Je préfère le terme « édifice » à celui d’ « Œuvre », avec sa majuscule grandiloquente. Je préfère l’odeur du chantier de construction, ce corps à corps avec la terre et la pierre : le travail d’artisan.
Plus j’avance dans mon indéniable artisanat d’écriture, plus il me semble évident que chaque page, chaque livre, chaque projet, est une pierre de l’édification globale : le fragment d’un pan de mur.
Je pourrais dire encore que chaque livre est un atome gravitant autour du noyau central, mon univers scriptural. L’ensemble forme un champ gravitationnel dans lequel les atomes libres, rayonnent, s’influencent et résonnent, au sein d’un tout non pas unifié (oh le vilain mot !) mais cohérent. Chaque élément, isolément, reste ouvert aux connexions, mais l’ensemble aussi peut être porteur d’un sens, un secret que je ne suis moi-même pas en mesure de déceler.
Les textes ont leurs secrets, même pour leur auteur, et je me garderai d’essayer d’éclairer ceux qui gisent dans celui-là. Il est, c’est tout, et peut-être est-il assez explicite dans ce qu’il nous livre pour qu’on ne le contraigne pas à en révéler davantage. (Michel Diaz. « Vers le désert »)
Avec cette prise de conscience, aussi une forme d’acceptation : l’édifice pourrait ne jamais être terminé. Il reviendra sans doute aux lecteurs de faire le toit afin qu’il ne prenne pas l’eau, tout comme certaines pierres des fondations ne sont pas nées de mes mains. 
Il y a des bouts d’autres personnes, vivantes ou mortes, des fragments de réalités et de fictions (mais la fiction n’est-elle pas toujours la réalité d’un autre ?), que j’ai assemblé en donnant aussi de ma propre voix. Car
L’écrivain comme créateur solitaire est un fantasme. Un désir personnel et une intimité sont à l’œuvre, mais portés et soutenus par le passé, par l’histoire familiale, par d’autres artistes, par des amis. Un artiste n’est pas seul. (Martin Page. Manuel de survie et d’écriture, p. 59)
Une autre histoire me trotte en tête à cet instant : celle de la veuve Winchester (le fabricant d’armes américain) qui, après la mort de son mari, fut persuadée par une voyante que les fantômes des personnes tuées avec les armes Winchester reviendraient la hanter. Elle crut possible de les perdre dans sa maison en ne cessant jamais de la modifier et de l’agrandir. Chaque jour, la maison se complexifiait.
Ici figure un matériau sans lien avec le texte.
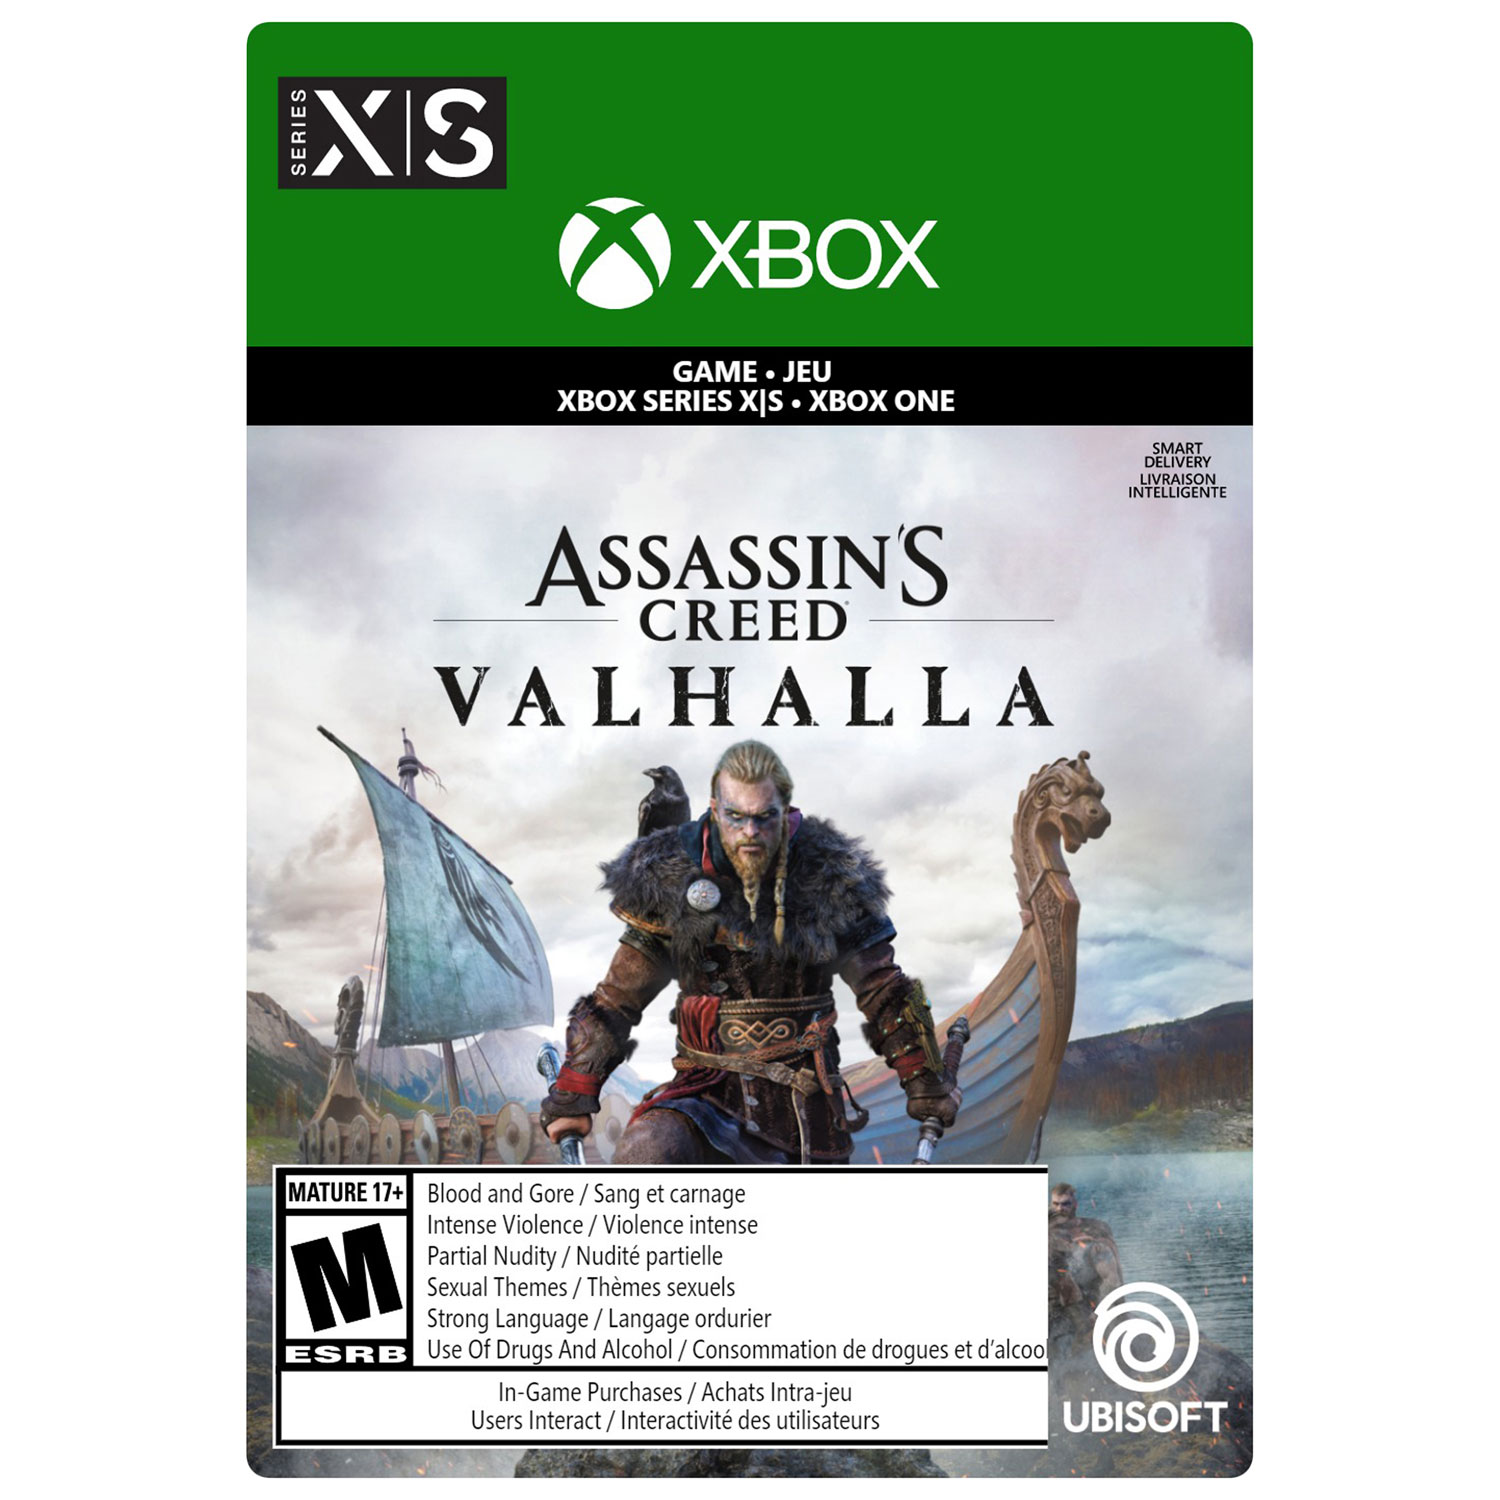 Assassin's Creed Valhalla (Xbox Series X|S / Xbox One) - Digital Download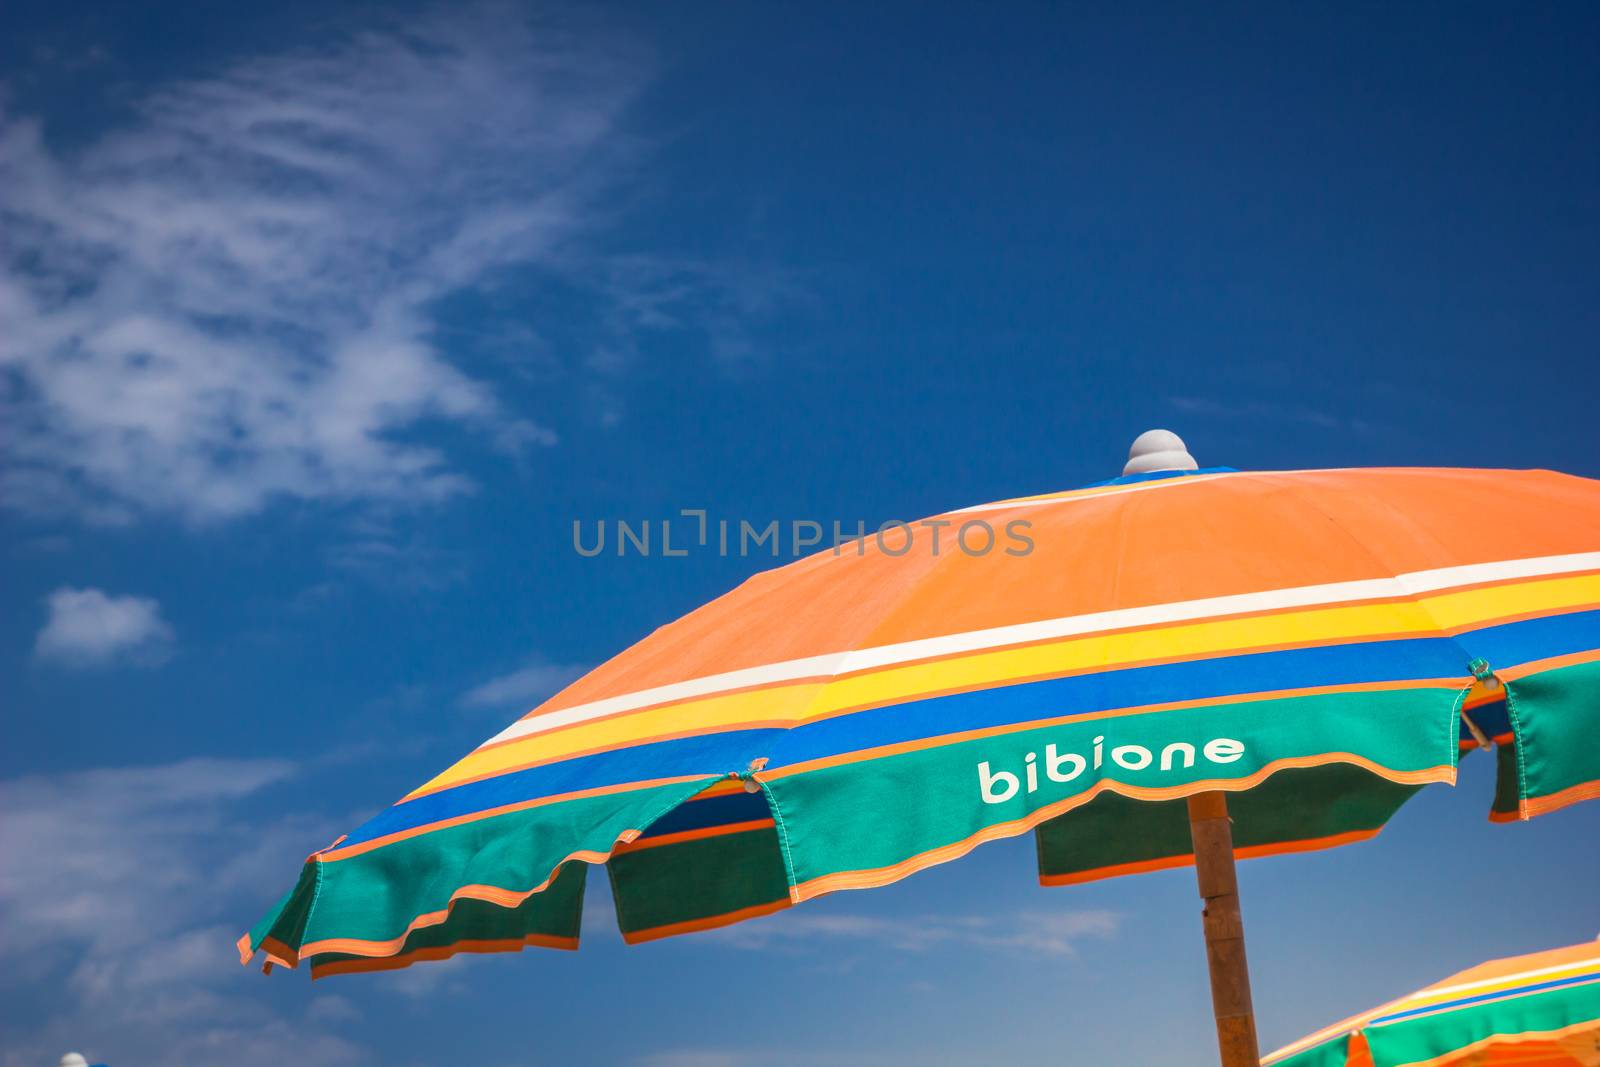 Umbrella beach for relaxing and sun set beach. Bibione, Italy

Elle plaça des pièges et des trompes l’œil : des faux placards, un labyrinthe de pièces enchevêtrées, des escaliers menant au plafond, des portes ouvrant sur le vide.
Je pense alors : sans le savoir, l’artiste est peut-être celui qui construira toujours les plus vastes et tortueux édifices, ceux qui se poursuivent dans vos têtes.